The task
Give back exactly the lines of the material below that start at the one holding "Apple iPhone 7" and end at the last line, minus the pictures.

Information shown
BEGIN
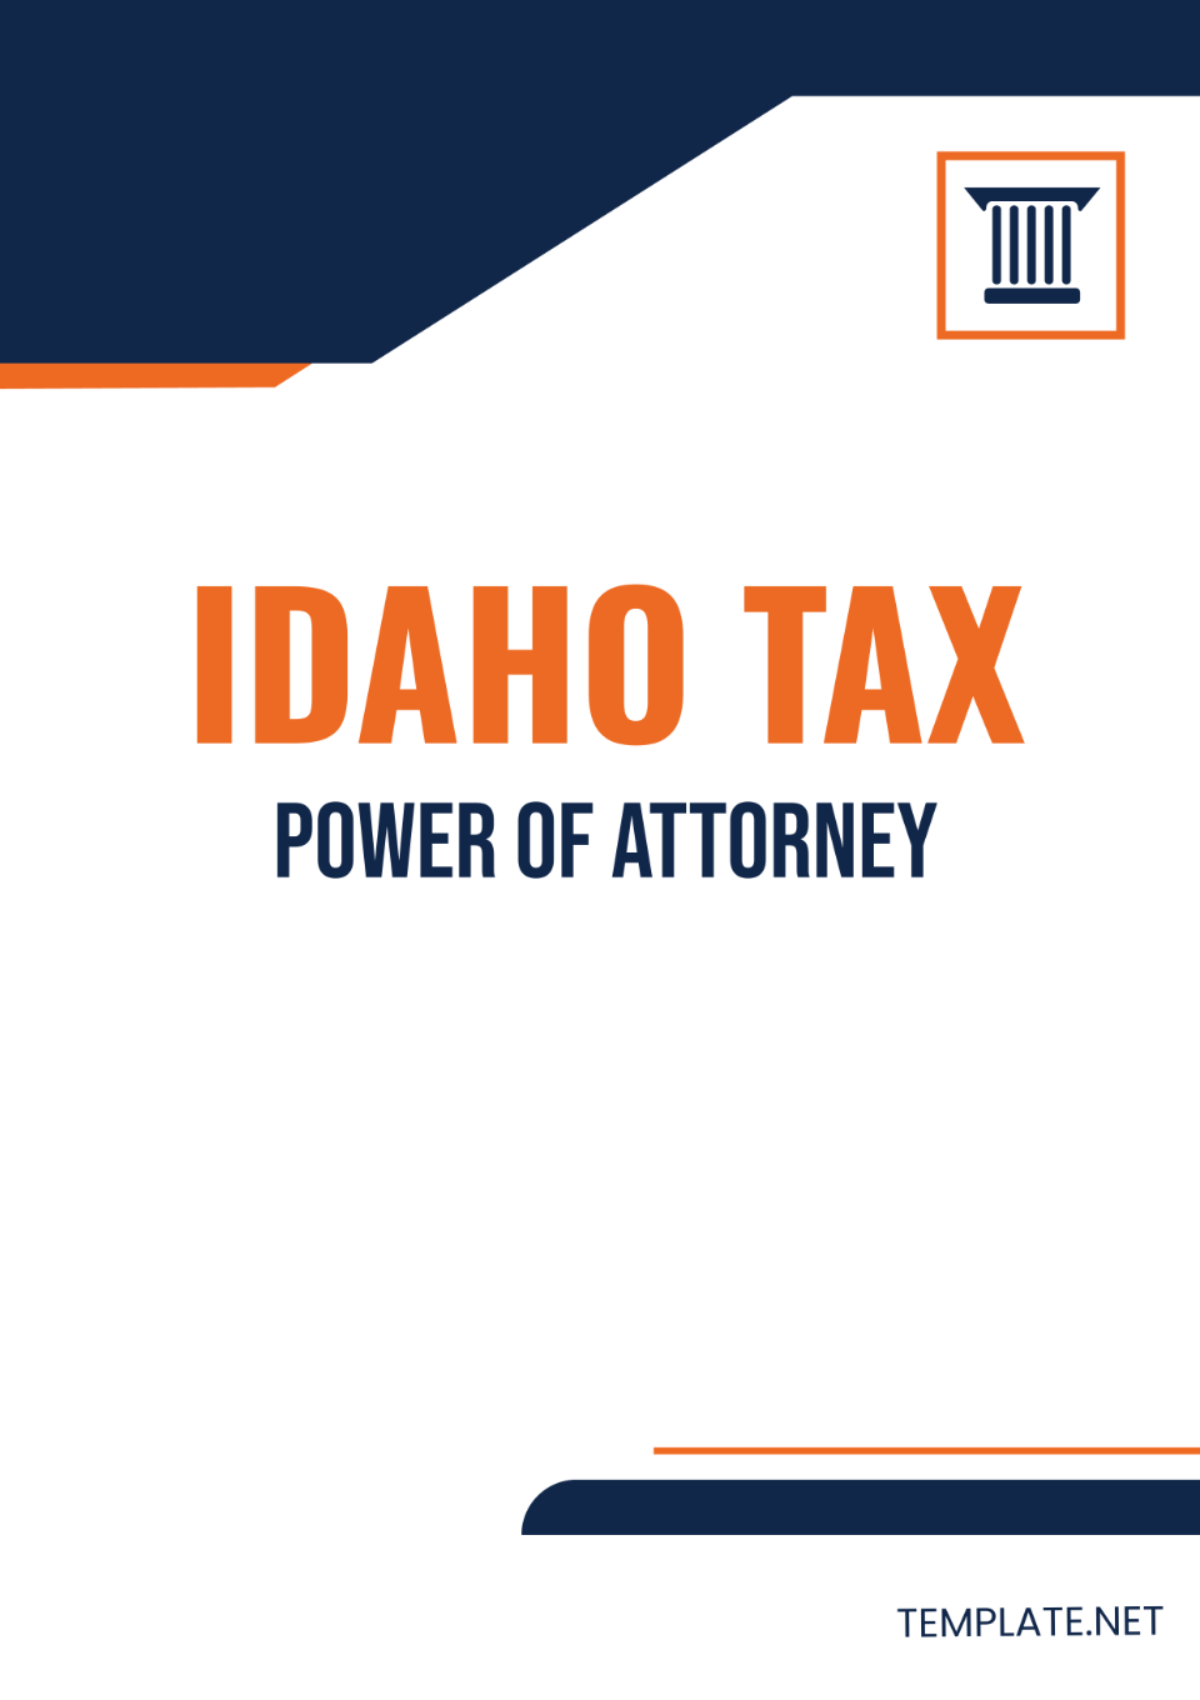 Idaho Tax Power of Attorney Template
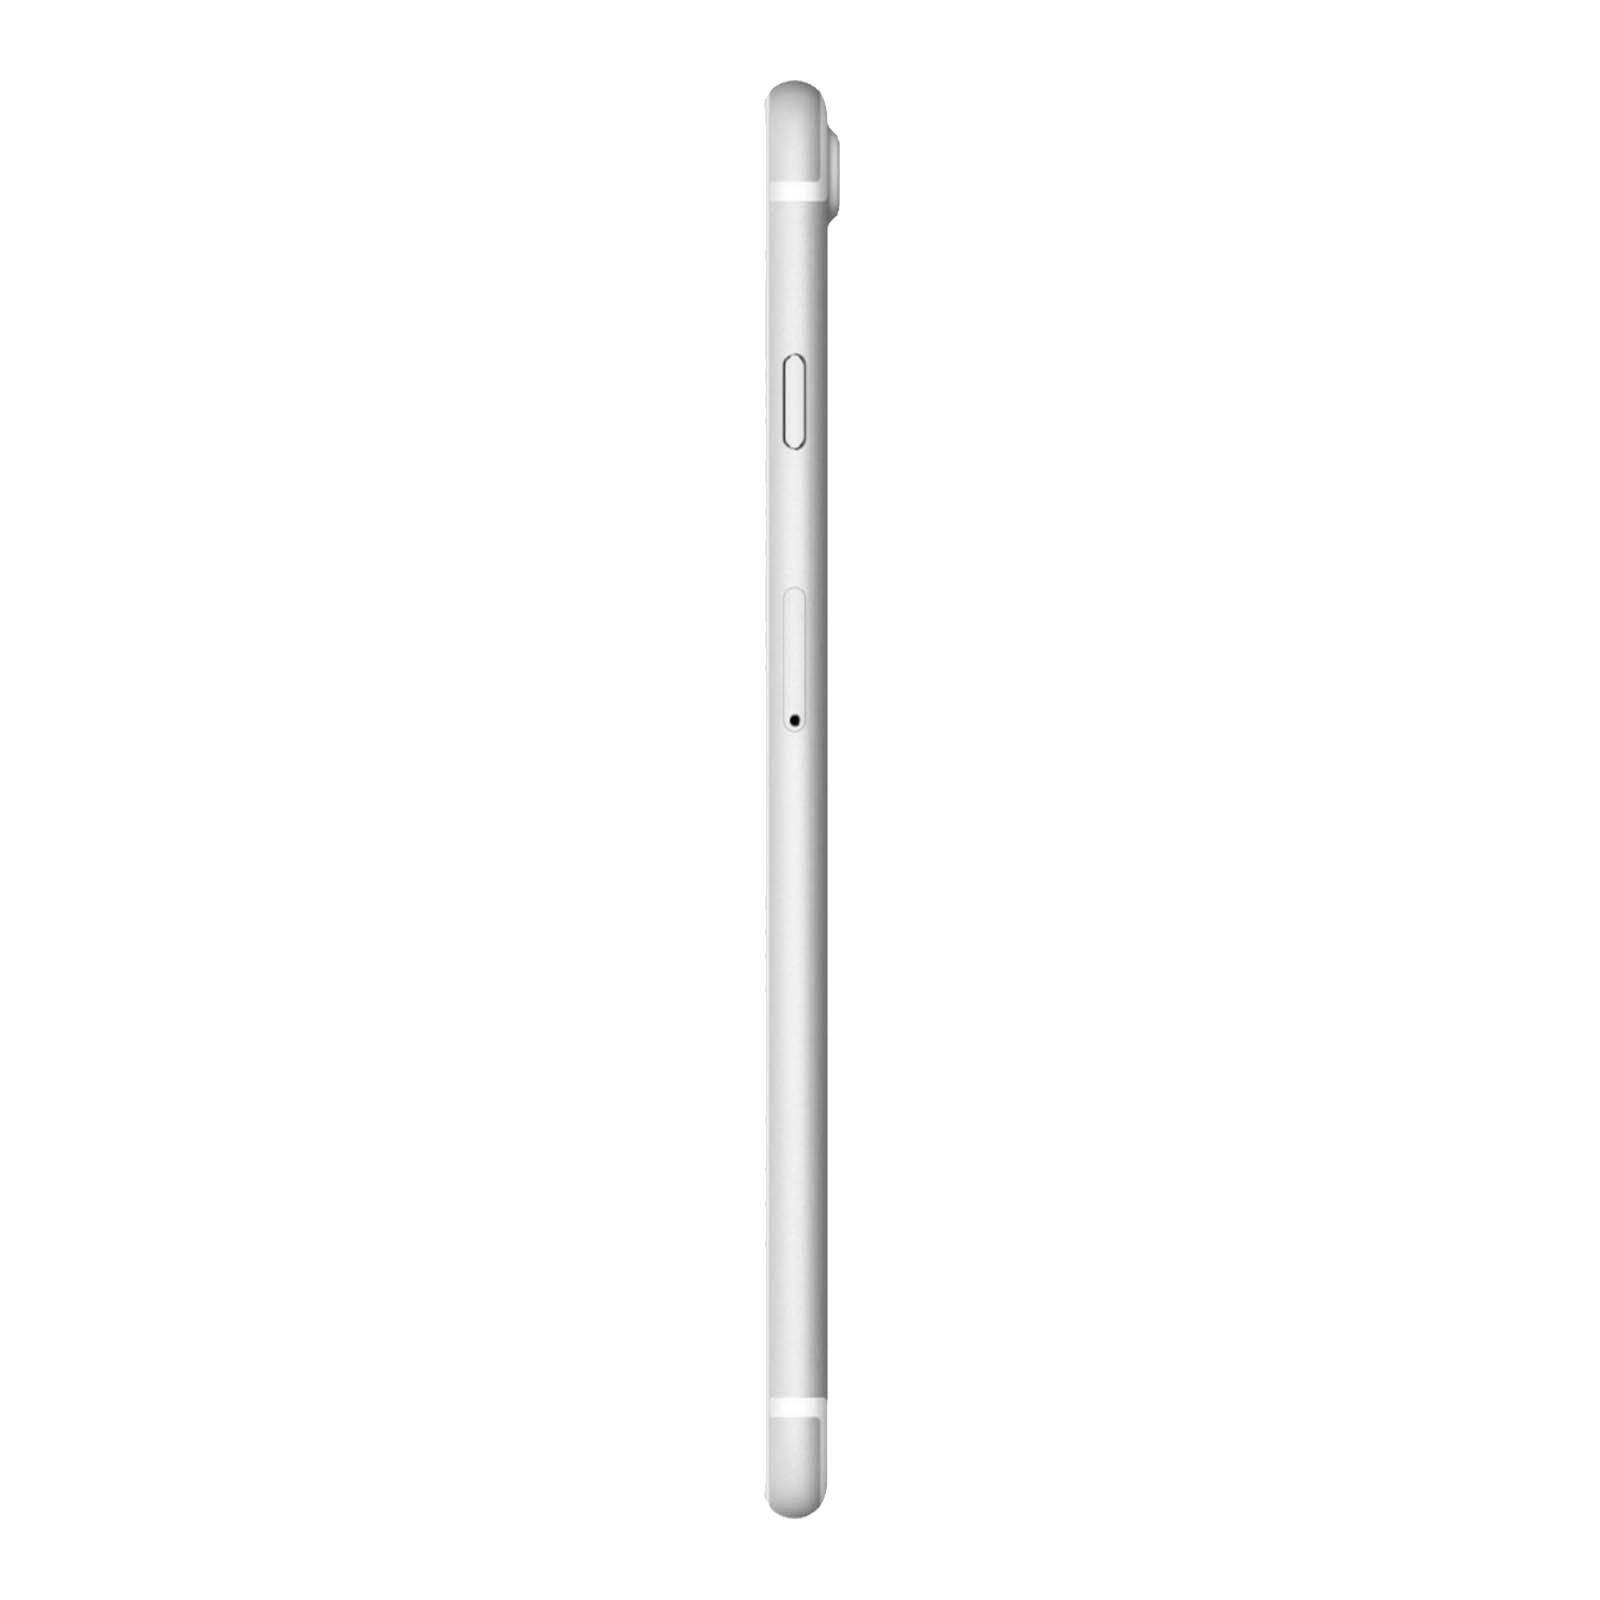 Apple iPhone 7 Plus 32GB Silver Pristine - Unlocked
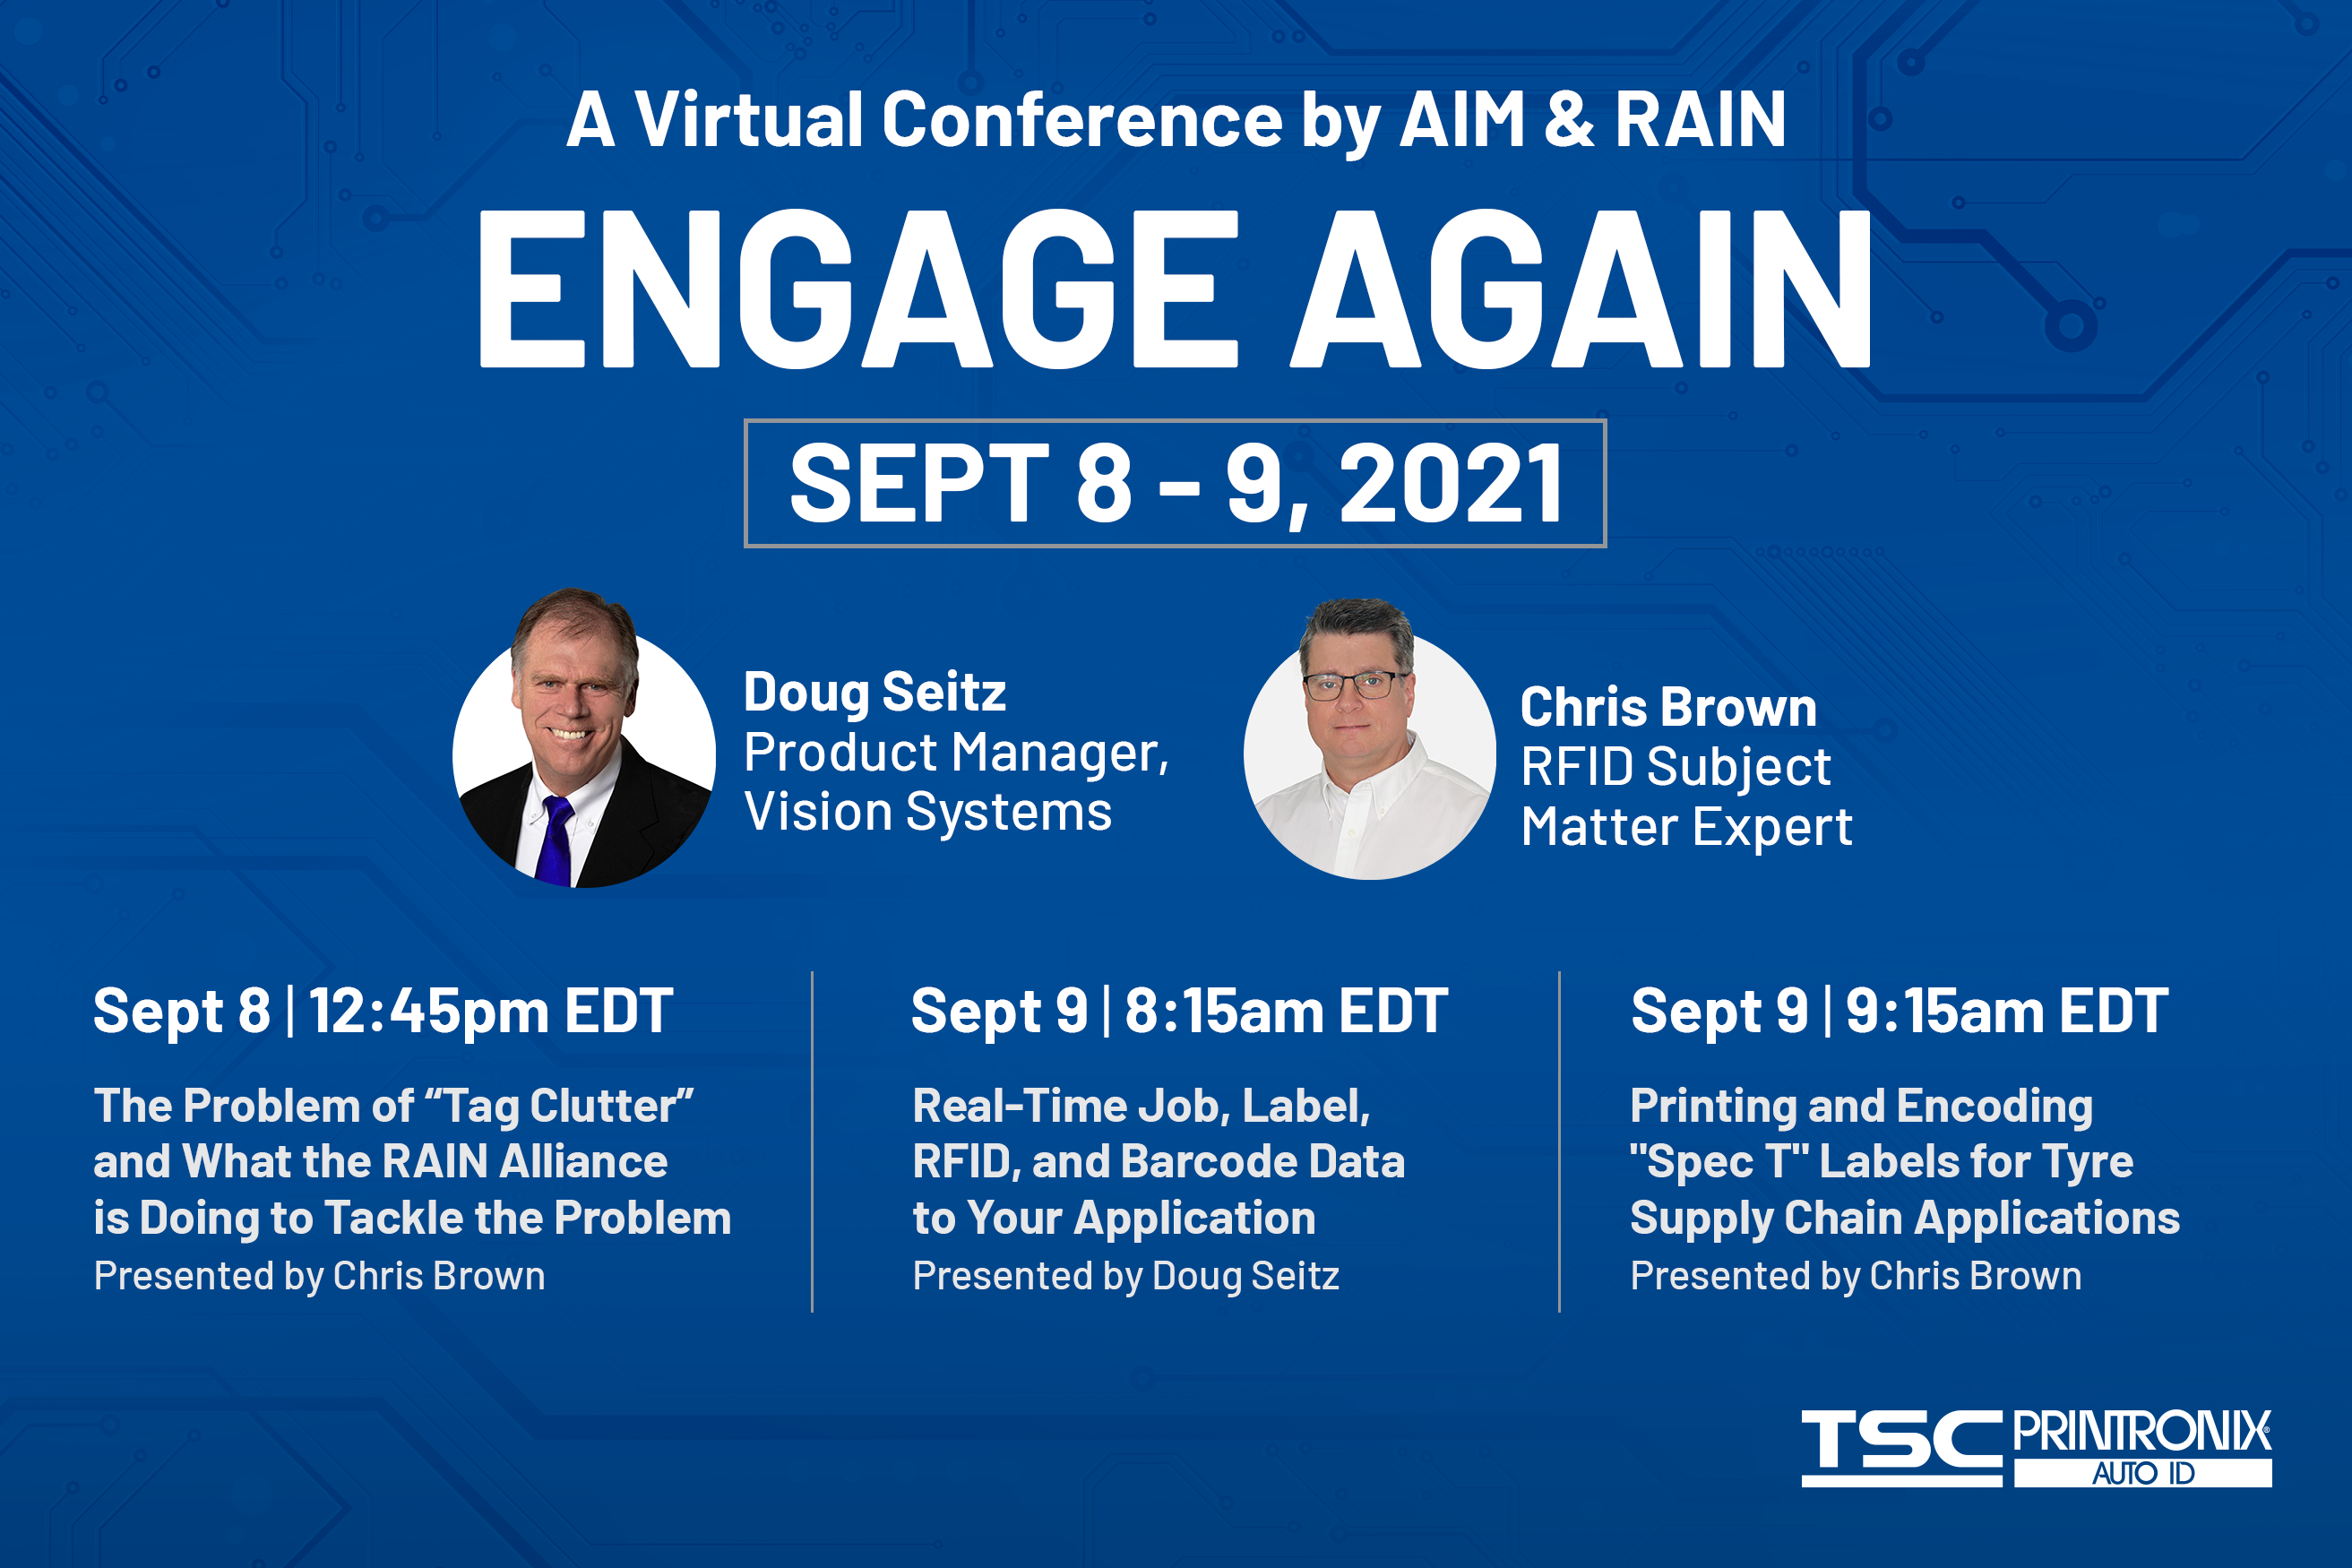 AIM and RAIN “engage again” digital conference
END
Output
 Apple iPhone 7 Plus 32GB Silver Pristine - Unlocked
 AIM and RAIN “engage again” digital conference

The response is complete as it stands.